In previous studies, the increased interference with rare compared with frequent distractor presentation was attributed to the reduced top-down incentive to suppress distractors when they were rare. However, these studies compared blocks of trials where distractors were rare with blocks of trials where distractors were frequent (Geyer et al., 2008; Müller et al., 2009). In the current research, the frequency of distractor-present trials was always the same and only the probability of the distractor position changed. Nonetheless, a similar mechanism may be at work. The top-down incentive to suppress distractors on low-probability positions was weak and therefore, less suppression was applied and interference by the distractor was stronger.

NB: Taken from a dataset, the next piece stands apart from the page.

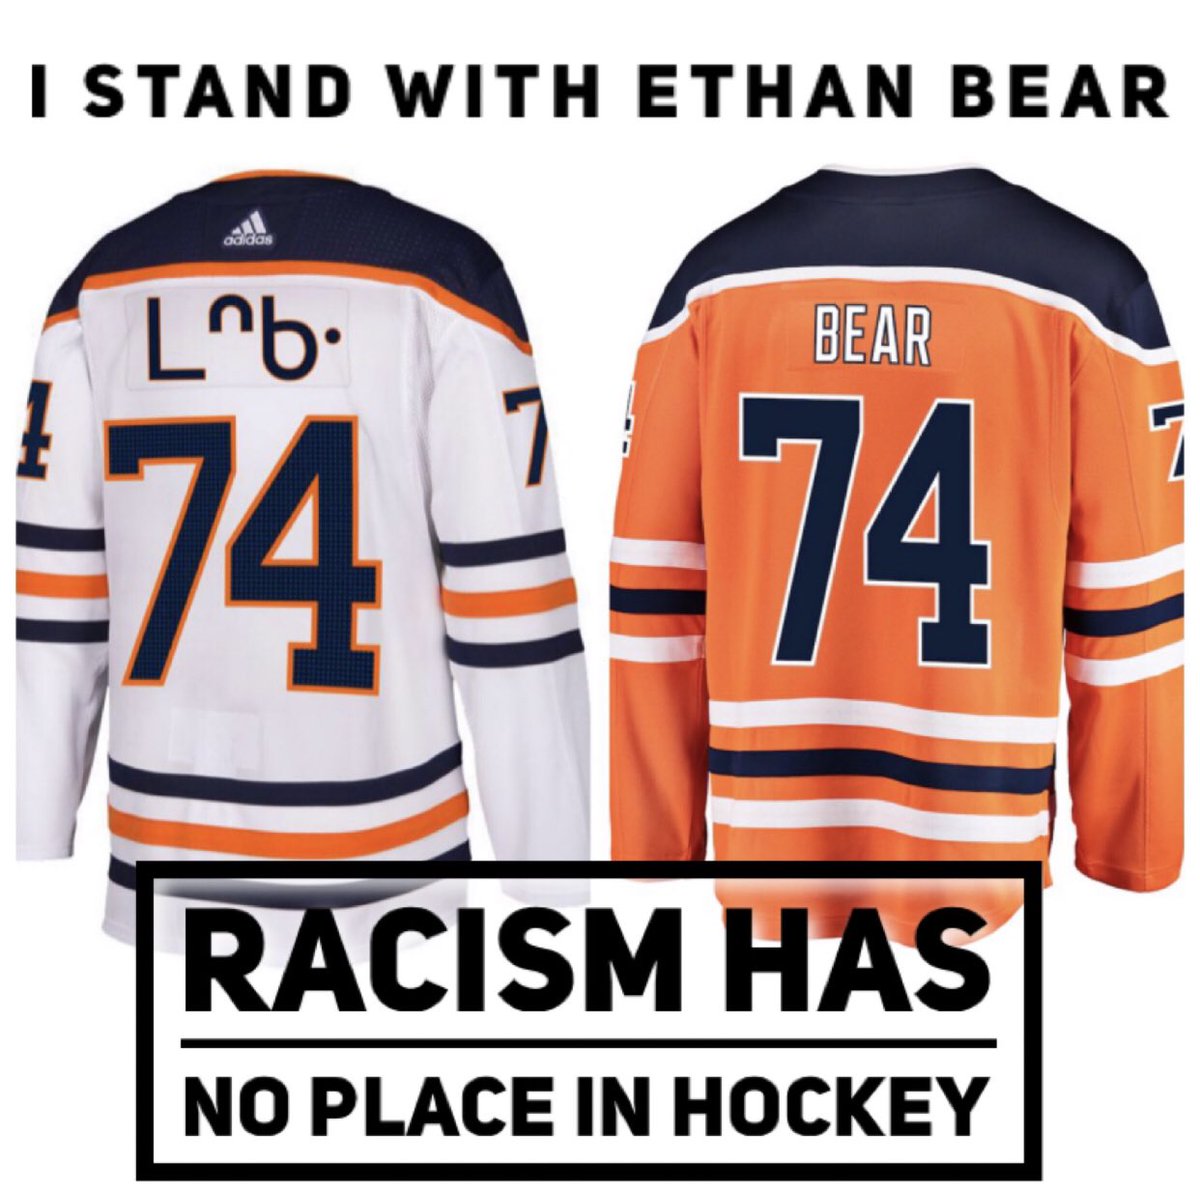 Edmonton Oilers defenseman Ethan Bear speaks up against racism

The neutral condition in the cueing literature

The ambiguities discussed in the present article are reminiscent of a previous debate in the cueing literature. Peripheral cues result in better performance at the cued than at uncued locations (Posner & Cohen, 1984). However, the question was whether the difference reflects benefits at the cued location or costs at the uncued location (de Gonzaga Gawryszewski et al., 1987; Jonides & Mack, 1984). To decide between these alternatives, a neutral condition is needed, but there are several options for creating a neutral condition. For instance, a condition without cues could serve as neutral condition, but it may be that general alertness is lower without cues (Fan et al., 2002; Prasad et al., 2021). Another option is to present cues at all different locations, but many homogeneous cues facilitate target detection compared with a single cue (Schönhammer et al., 2020). Nonetheless, the general conclusion in the cueing literature was that the neutral condition is intermediate between performance at cued and uncued locations, suggesting that benefits and costs exist (Carrasco, 2011). In the present investigation, we arrive at a similar conclusion because the condition with equal-probability distractor placement yielded results that were intermediate between the low- and high-probability distractor positions. In contrast to the discussion in the cueing literature, however, there are far less doubts about characteristics of the baseline or neutral condition. Equal-probability distractor placement represents an almost natural reference point for high- and low-probability distractor placement.

Conclusion

The recent literature on statistical learning has claimed that the reduction of distractor interference at high- compared with low-probability distractor positions reflects attentional suppression of the high-probability distractor position. While impaired target processing at this position on distractor-absent trials supports this claim, it cannot be ruled out that the rarity of distractors on low-probability positions also contributes. To test this idea, we compared interference on high- and low-probability distractor positions to equal-probability distractor placement. We found interference on low-probability distractor position to be larger than with equal-probability distractor placement, which confirms that distractor rarity boosted interference. Thus, the difference between high- and low-probability distractor positions reflects both attentional suppression and effects of distractor rarity. As contributions of distractor rarity were previously neglected, conclusions drawn in previous studies need to be revised.